Hicksploitation isn't really my thing, but sometimes a trailer or poster catches your my eye and I have to do everything in my power to watch said film. Okay...using sometimes might be underplaying it a bit. This kind of thing happens to me all the time. If it wasn't for the catchy poster and DVD/VHS covers of my days trolling through the video stores, I probably ever would have rented half of the trashy garbage that has been burned onto my memory forever. I still do, although there are less trips to the video store and more time spent on social media. I just happen to use Facebook and the blogospere as my introduction to movies I should see. Gator Bait(1984) happened to be one of those movies I was inspired to see due to my time spent gawking at my Facebook wall. If I remember correctly, I might have Mike White(of Impossibly Funky fame) to thank for posting a picture of the poster art. This blog entry is for you, buddy.
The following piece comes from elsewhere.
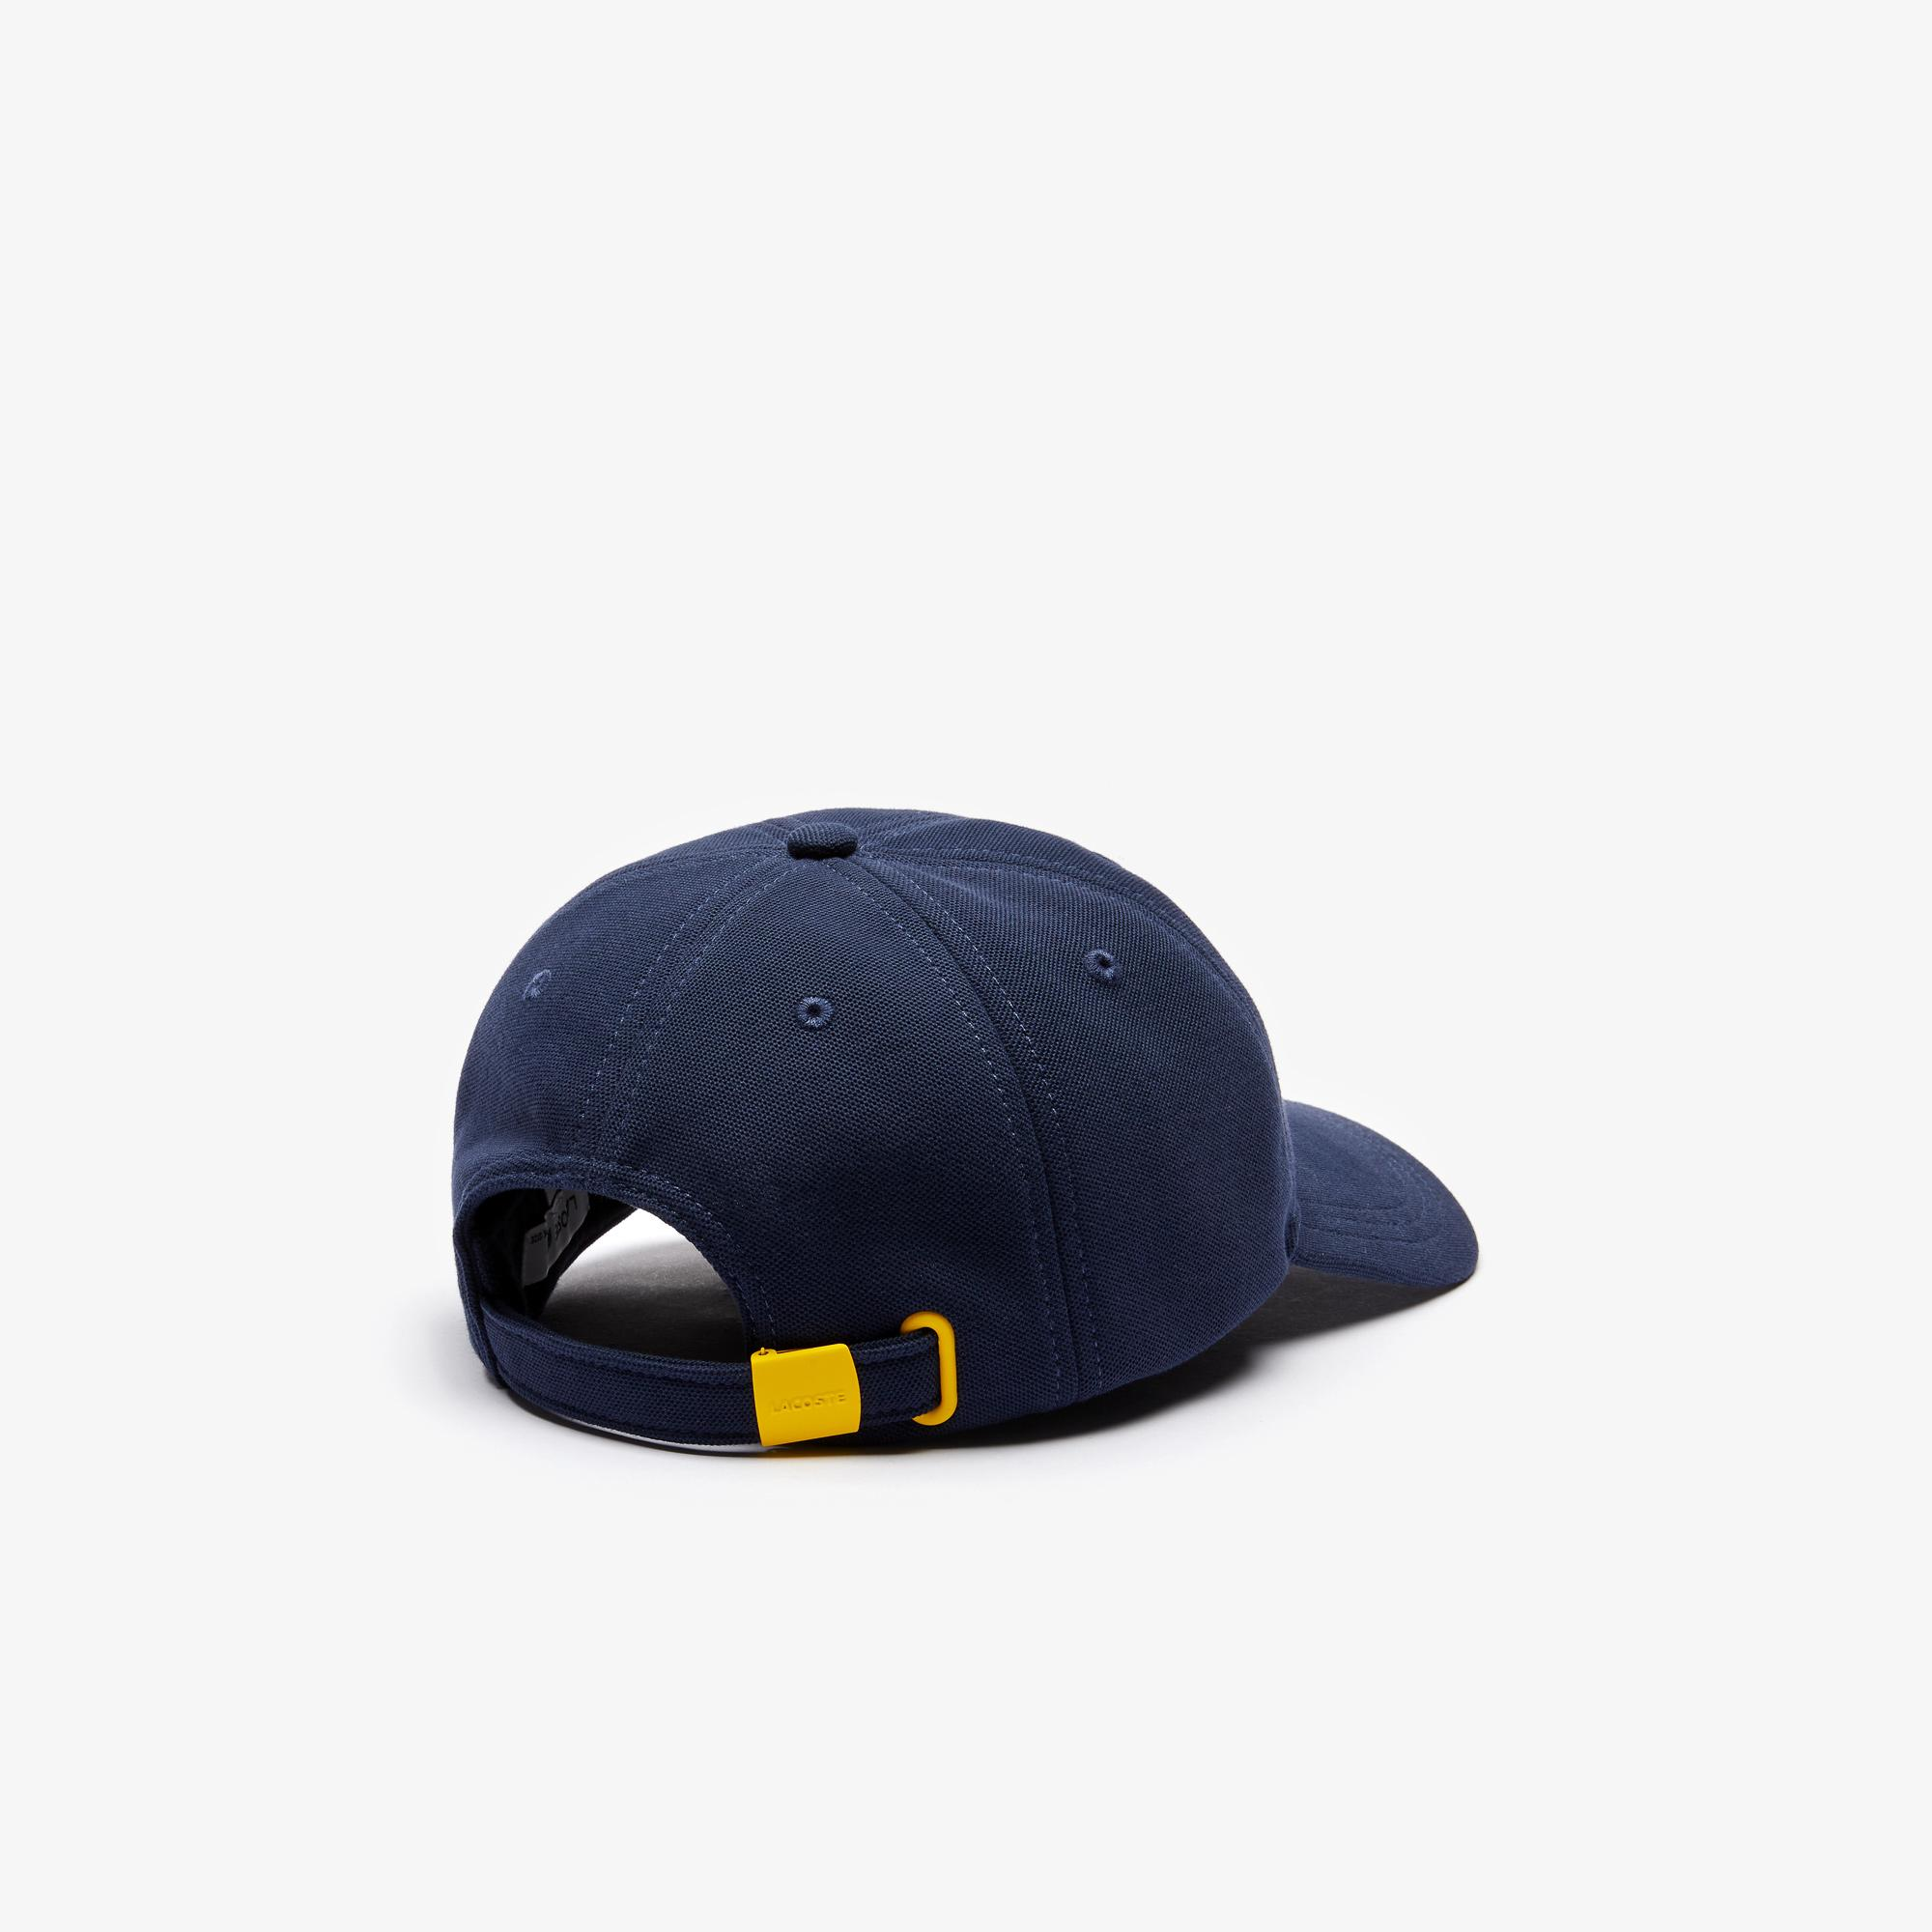 Lacoste x National Geographic Unisex Lacivert Şapka

Foxy swamp rat Desiree Thibodeau lives deep within the Louisiana Bayou, taking care of her younger sister and mute brother. Understand that the Thibodeau family are existing a couple of steps below the poverty line, as in minimal property ownership and no running water. I wouldn't be surprised if they had never seen a crisp dollar bill in all their life. So poor that Desiree spends her spare time poaching gator to feed her family. Keep in mind this film takes place during a time when hunting alligators had just recently been made illegal, so Desiree has no understanding of the crime that is being committed. For the most part the Local Authority doesn't really care, but it doesn't stop a couple of ignorant, young cops from harassing Desiree(mostly due to their rapey tendencies). After a wild goose chase via boats through the swamps, the young misogynists in uniform are able to catch up with our buck-skinned heroine, but things don't go as planned. Thankfully, Desiree's swampy cunning, and bag of poisonous snakes, are able to get of what could potentially be a deadly situation. Unfortunately, the sheriff's son isn't so good with the responsibility that comes from gun ownership, and instead of taking down his white-trash wonderwomen, he accidently damages his dad's boat and shoots his partner. Unable to take responsibility for his irresponsibility, Billy Boy heads back into town to let his dad, and the Bracken family, know but instead twisting the story around to place the blame on Desiree. These leads to the cops and Bracken's forming of a lynch mob, hellbent on the capture or death of our sweet, swampy princess. Desiree isn't found but her little sister and brother are. Though the original plan was supposed to be something of hostage situation, the younger men of the group can't get passed there rapey tendencies, which unfortunately leads to the violent death of Desiree's little sister. Thankfully her mute brother was able to escape. As with many of these cinematic sketches in souther culture, messin' with kin is the worst thing you can do. When Desiree learns of her sister's untimely demise, the sheriff and his posse better think again about who's bodies are actually going to be used for Gator Bait.
I actually felt that Gator Bait was more tame than I expected. Usually the exploitation movies of this era are chock full of nudity and violence to make up for the lack of a properly written storyline and poor dialogue. With Gator Bait the expected amount of nudity wasn't present, which is only a slight disappointment. The violence was there, but I think the most of the sexuality consisted of a couple boob shots and rape-like behavior. If you are interested in seeing a film that follows by the typical 70's exploitation standards, Gator Bait will possibly disappoint you. Even though the lead actress is a former playmate, she isn't playing an overly sexual character. With that being said, there were other elements to the film that I enjoyed like the filming location. I've lived in Florida before, and know for a fact that the swamp is no person's ideal location for a film shoot, especially for something so low budget. So not only did I feel for the production team, I also felt they did a really good job of capturing the beauty of the natural shooting location. I'm assuming that as expansive as they made they filming location appear, it was probably shot in a 10 acre area, because this is what usually happens. I was also a fan of the soundtrack, at least country music portion of it. I'm assuming the score was original, but I could be wrong due to my unfamiliarity. Shit happens.
If you aren't an exploitation snob, and don't my taking the 90 minutes out to watch a bad movie that's really fun, Gator Bait is good watch. It borders closer to the PG-13 side of exploitation, but it hardly ever get's boring.